Elisabeth Braun hat im März bereits beim Ortsbeirat 3 angeregt, eine Gedenkstätte zu schaffen. Auf einer kleinen Grünfläche an der Klingerschule im Hermesweg. Dort steht eine Kastanie. In der jüngsten Sitzung des Gremiums hat sie die Idee konkretisiert. Keine Bronzetafel, davon gebe es in Frankfurt bereits so viele, findet sie. Eine weitere gehe unter. Mit dem etwa 1,65 Meter hohen Denkmal könnte die Stadt etwas sichtbares schaffen. Erinnerungskultur, die positive Signale sende, Frieden und Versöhnung betone. Bronzetafeln erinnerten ja eher an Verfolgung, Deportation, Tod.

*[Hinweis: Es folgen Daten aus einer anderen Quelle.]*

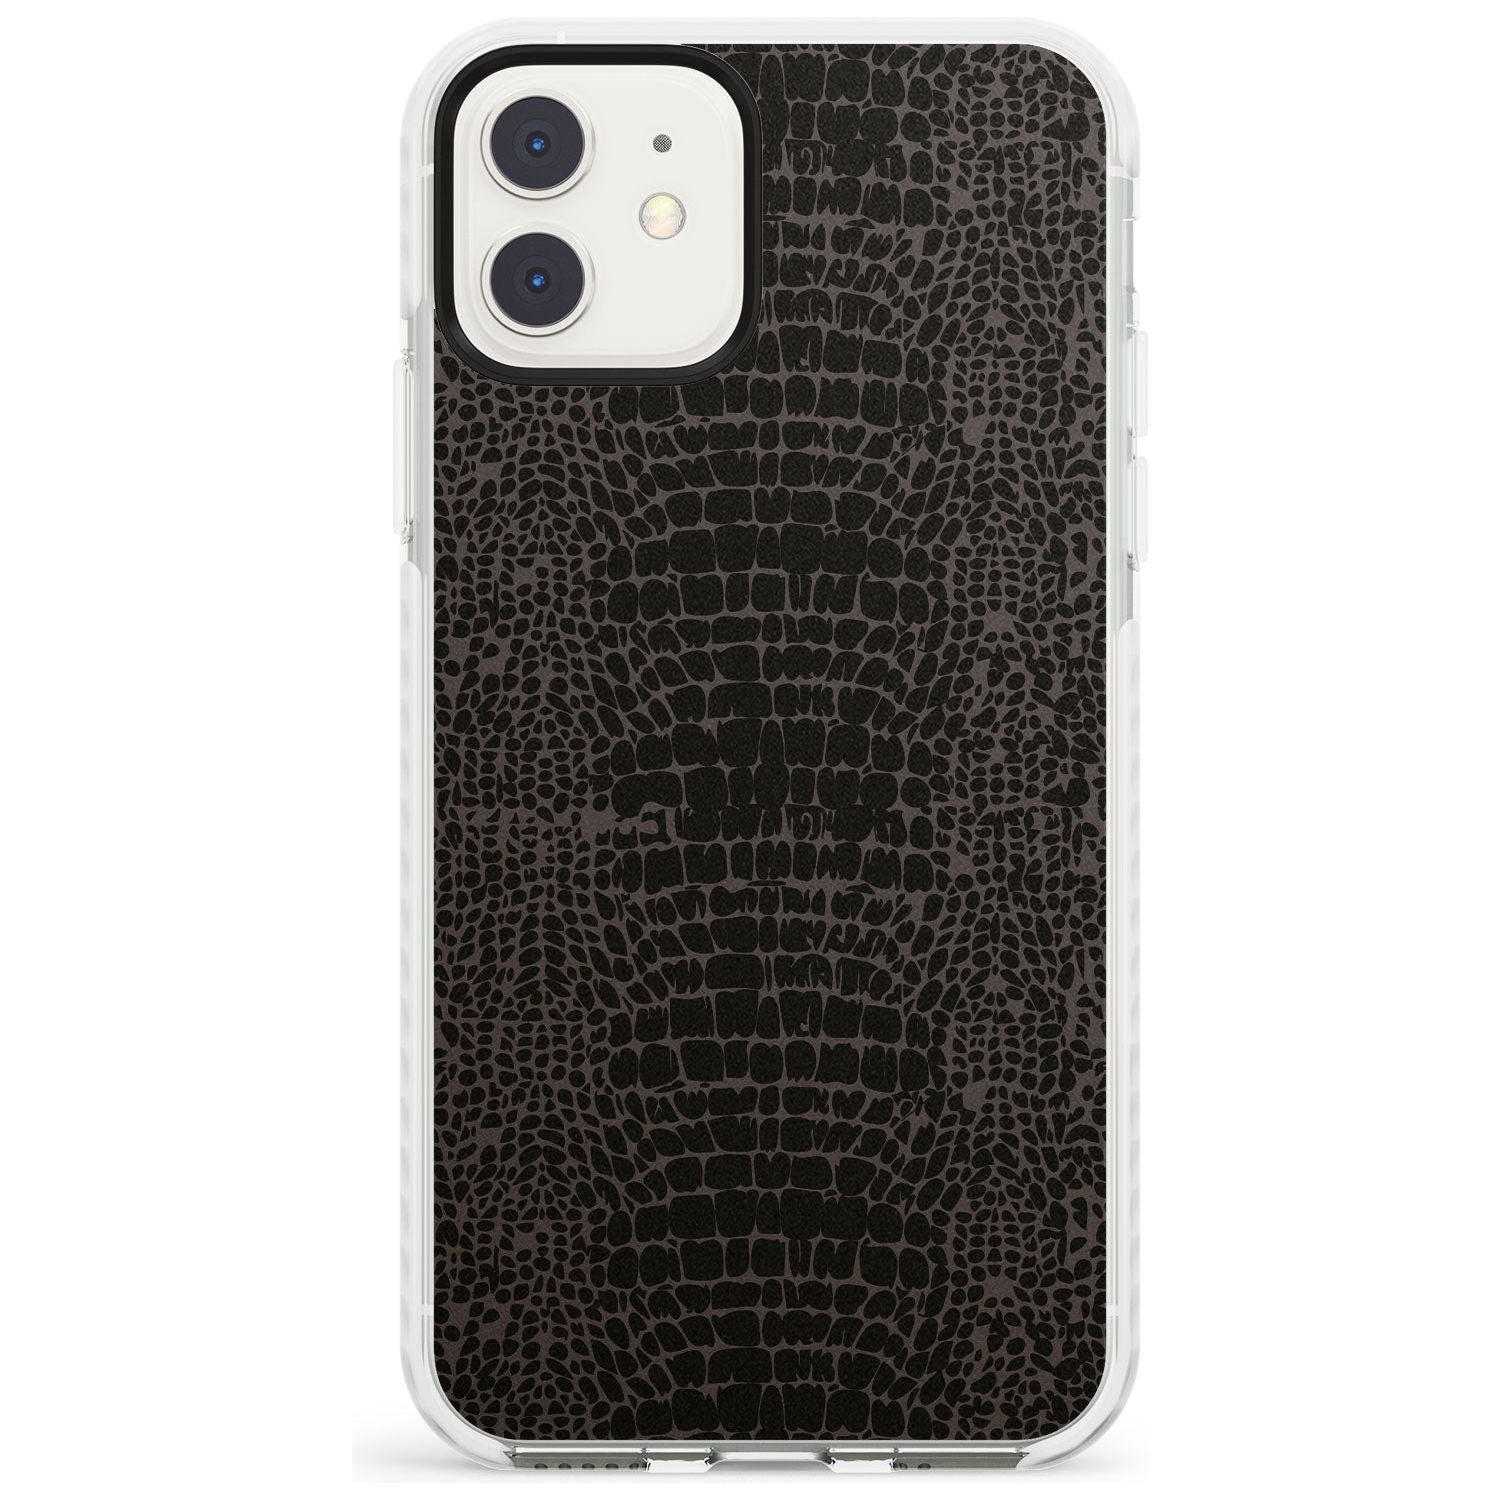 Dark Animal Print Pattern Snake Skin Impact Phone Case for iPhone 11

Vor zwei Jahren hat das Gremium bereits darüber nachgedacht, auf dem kleinen Platz an der Ecke Fichtestraße und Hermesweg einen Ort des Andenkens zu schaffen. Da standen aber noch die Container der Klingerschule dort. Im November 2018 hat die Stadt geantwortet, die Idee zu begrüßen. Statt eines Parkplatzes wie bislang, könnte eine Grünfläche entstehen. Allerdings sei der Platz zu klein, um kurzfristig über das Programm Schöneres Frankfurt realisiert zu werden.

25 000 Euro benötigt

Vom Vorstoß der engagierten Bürgerin Braun sind auch nicht alle Ortsbeiratsmitglieder begeistert. Michael Rubin von der FDP zum Beispiel gibt zu bedenken, dass die Reichsvereinigung vor allem eine Zwangsvereinigung war. Von der Zweigstelle Frankfurt aus begannen auch Deportationen in Konzentrationslager. Für die würde er ungerne eine Gedenkstätte einrichten. Elisabeth Braun ist das bewusst. Sie sagt aber, sie wolle den Juden und der Synagoge gedenken, nicht der Vereinigung.

Sie hat einen Bildhauer um einen Kostenvoranschlag gebeten. 25 000 Euro würde die Bronzefigur kosten, schätzt der. Ohne Fundament und Aufbau. 2500 Euro würde Elisabeth Braun stiften. Nun sucht sie Sponsoren. Über den Ortsbeirat.